Investigating Wild-Type and Mutated LYS in a 2D Model for Use in Drug Delivery

Student: Jess Ray

Degree: M.S., May 2020

Major Professor: Dr. Radwan Al Faouri

Research Area(s):

Nanoscience & Engineering

View Research Quadslide

Background/Relevance

  • Wild type lysenin channels were investigated under the influence of different multivalent ions.

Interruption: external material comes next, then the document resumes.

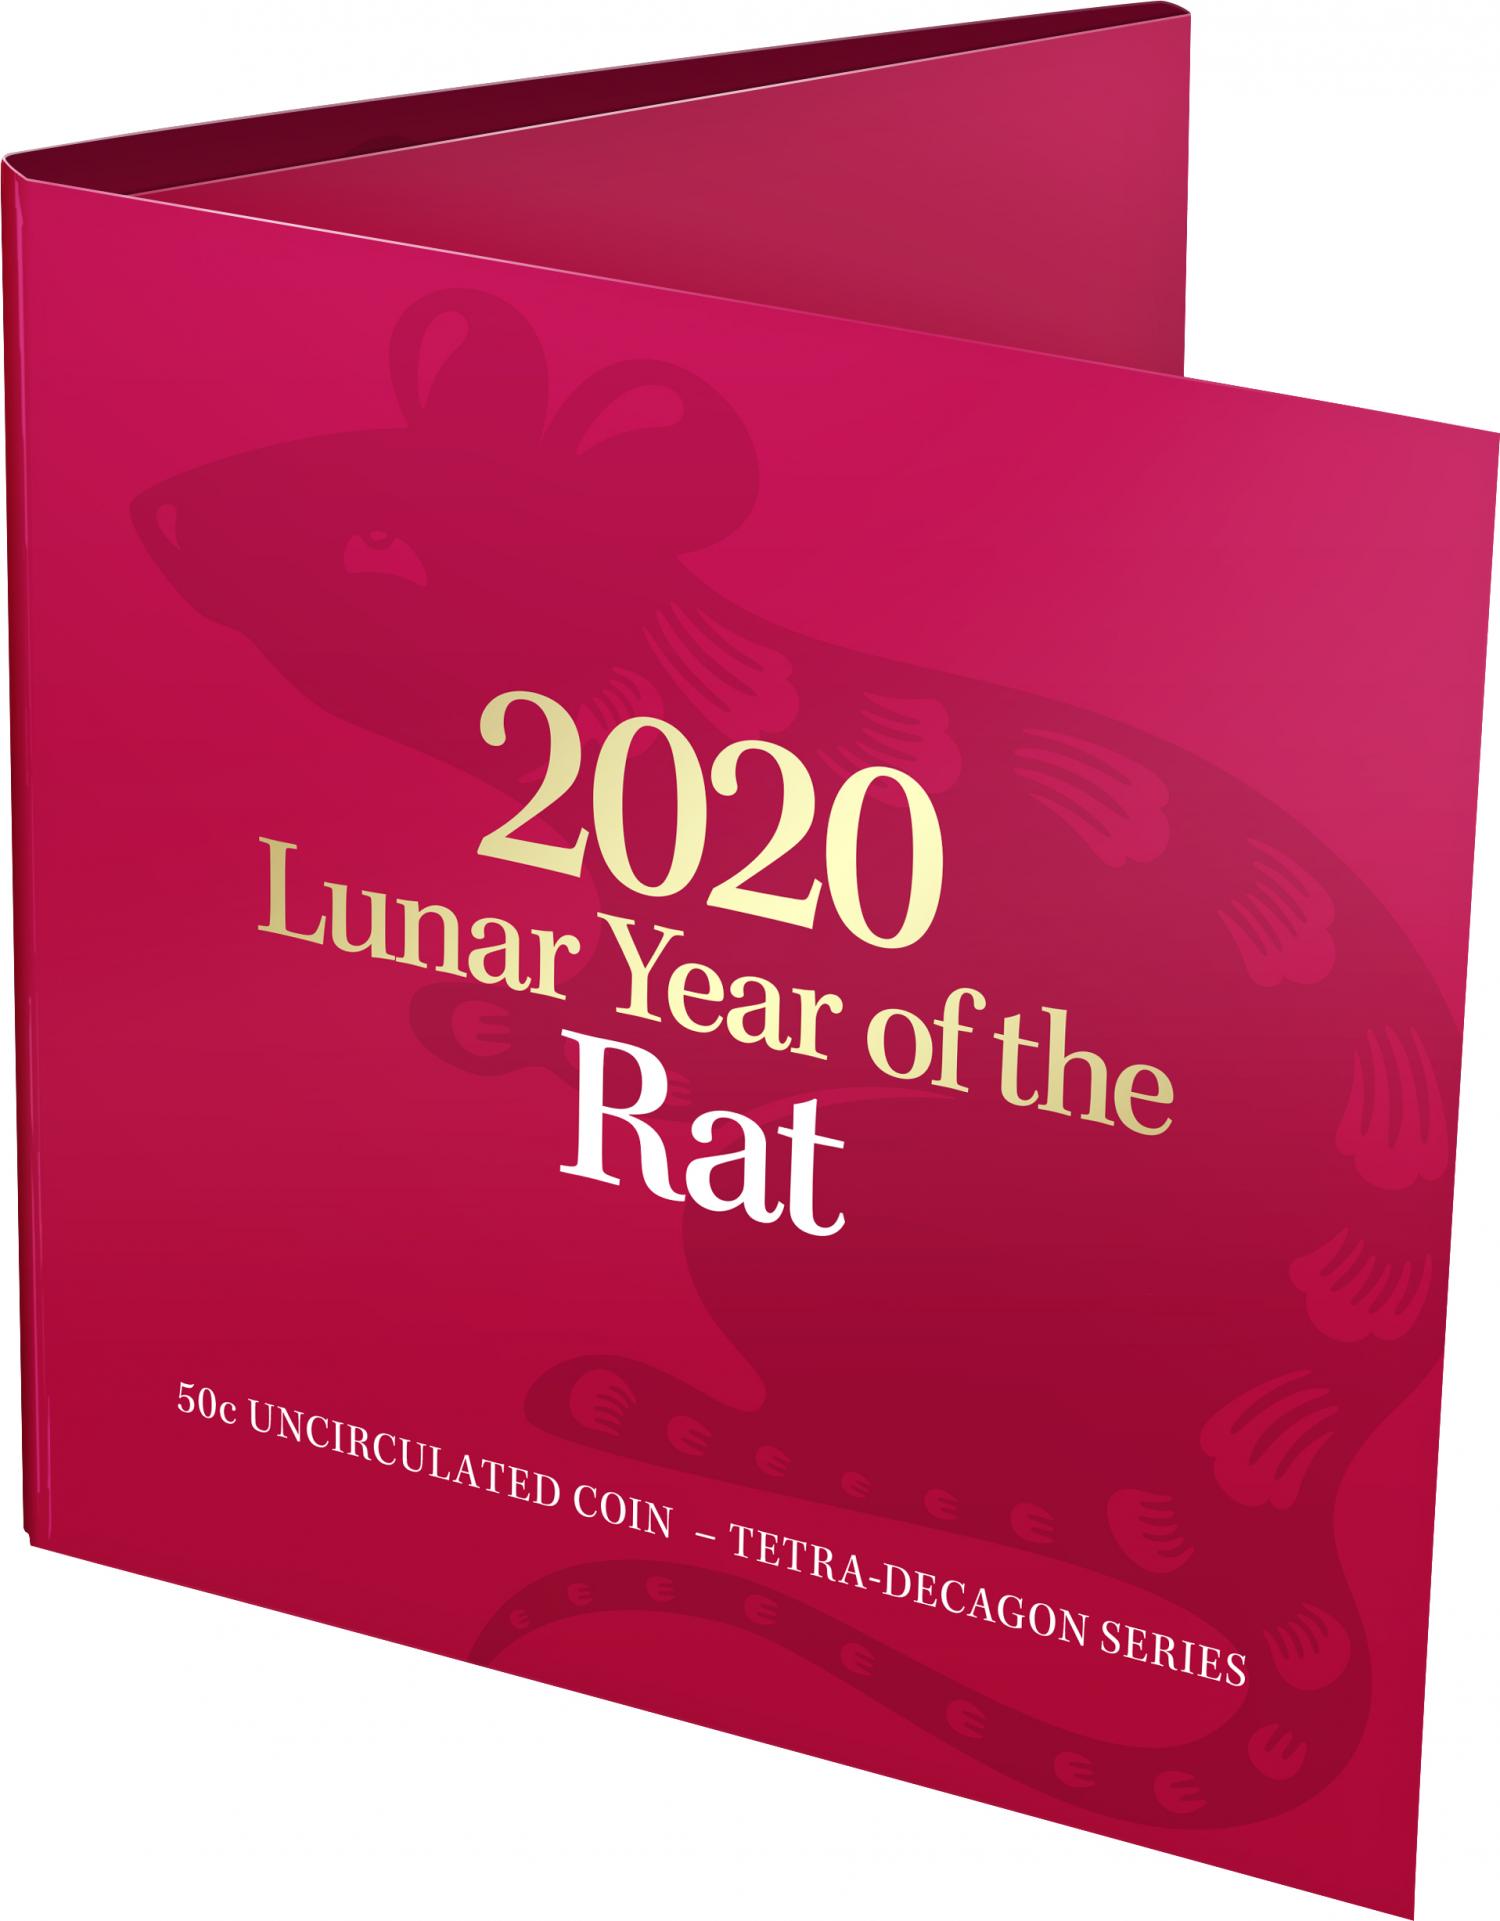 Thumbnail for 2020 Lunar Year of the Rat Uncirculated Fifty Cent Tetra Decagon Series
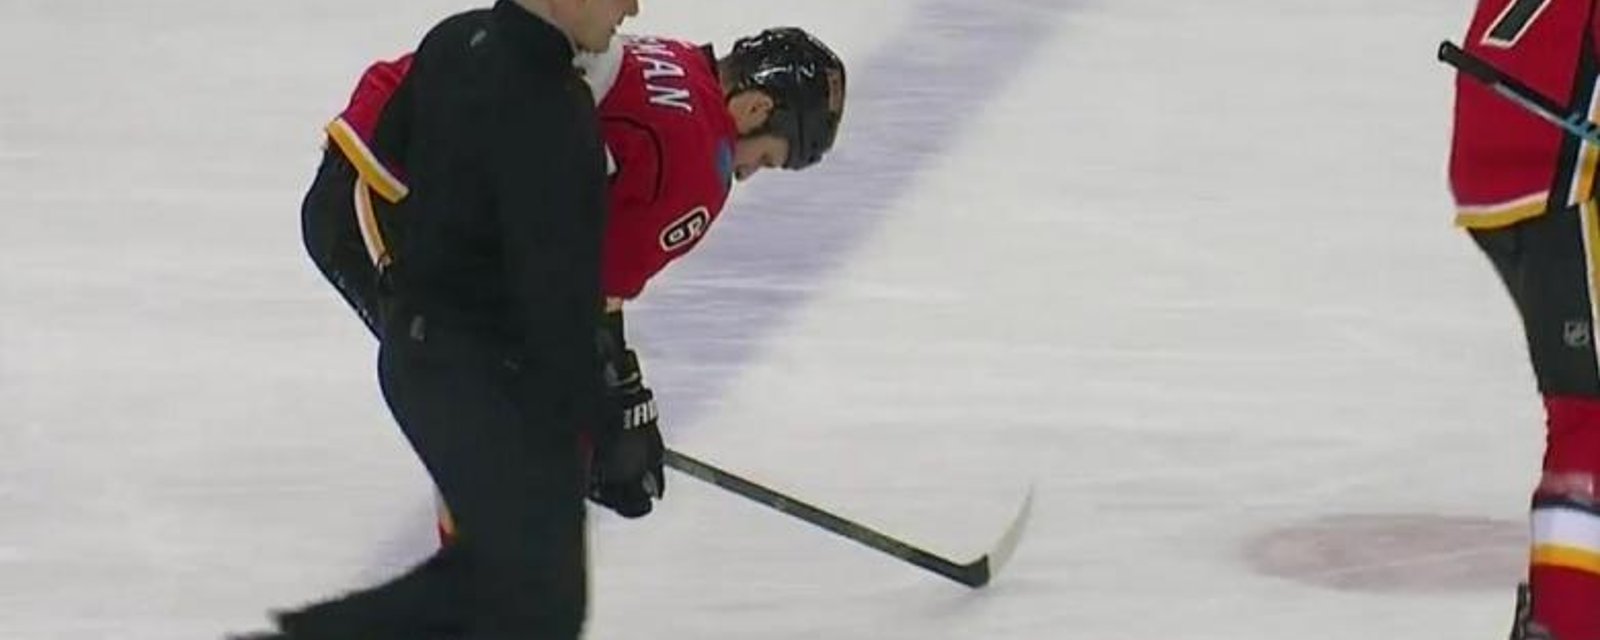 Report: Wideman injured in his third game back from suspension.

  • Pore-forming toxins (PFTs) inserted into liposomes could create new opportunities for drug delivery systems.

Innovation

  • Use the mutated PFTs in experiments to determine the voltage at which they gate and compare it to wild type PFTs.
  • Control the drug release out of the lysenin-liposome drug carriers to enhance drug delivery applications.

Approach

  • Use Teflon chambers to create a bilayer lipid membrane (BLM) model.
  • Prepare lipid solution containing cholesterol, sphingomyelin, and asolectin to create a model cell like animal cell membranes.
  • Insert PFT in the BLM to experimentally determine gating voltages (using Axo-Patch).
  • Introduce multivalent ions to observe the ligand – induced gating.

Key Results

  • Wild type lysenin channels gates at roughly 20mV, while the mutated gated at roughly 30-35mV (as the figure on the left shows).
  • Iron divalent cations inhibit the macroscopic current of both wild and mutated lysenin channels at low monovalent ions concentration (as the figure on the right shows).

Conclusions

  • Mutated type lysenin gated at a higher voltage than the wild type lysenin did, due to the mutation. This led to roughly a 10-15 mV higher voltage required to cause gating in the mutated type.
  • The charge of the mutated lysenin was reduced due to mutation. This led to a higher concentration of iron divalent ions being needed for ligand-induced gating, as hypothesized.

Future Work

  • Repeat all experiments with the mutated lysenin.
  • Investigate the effects pH has on gating.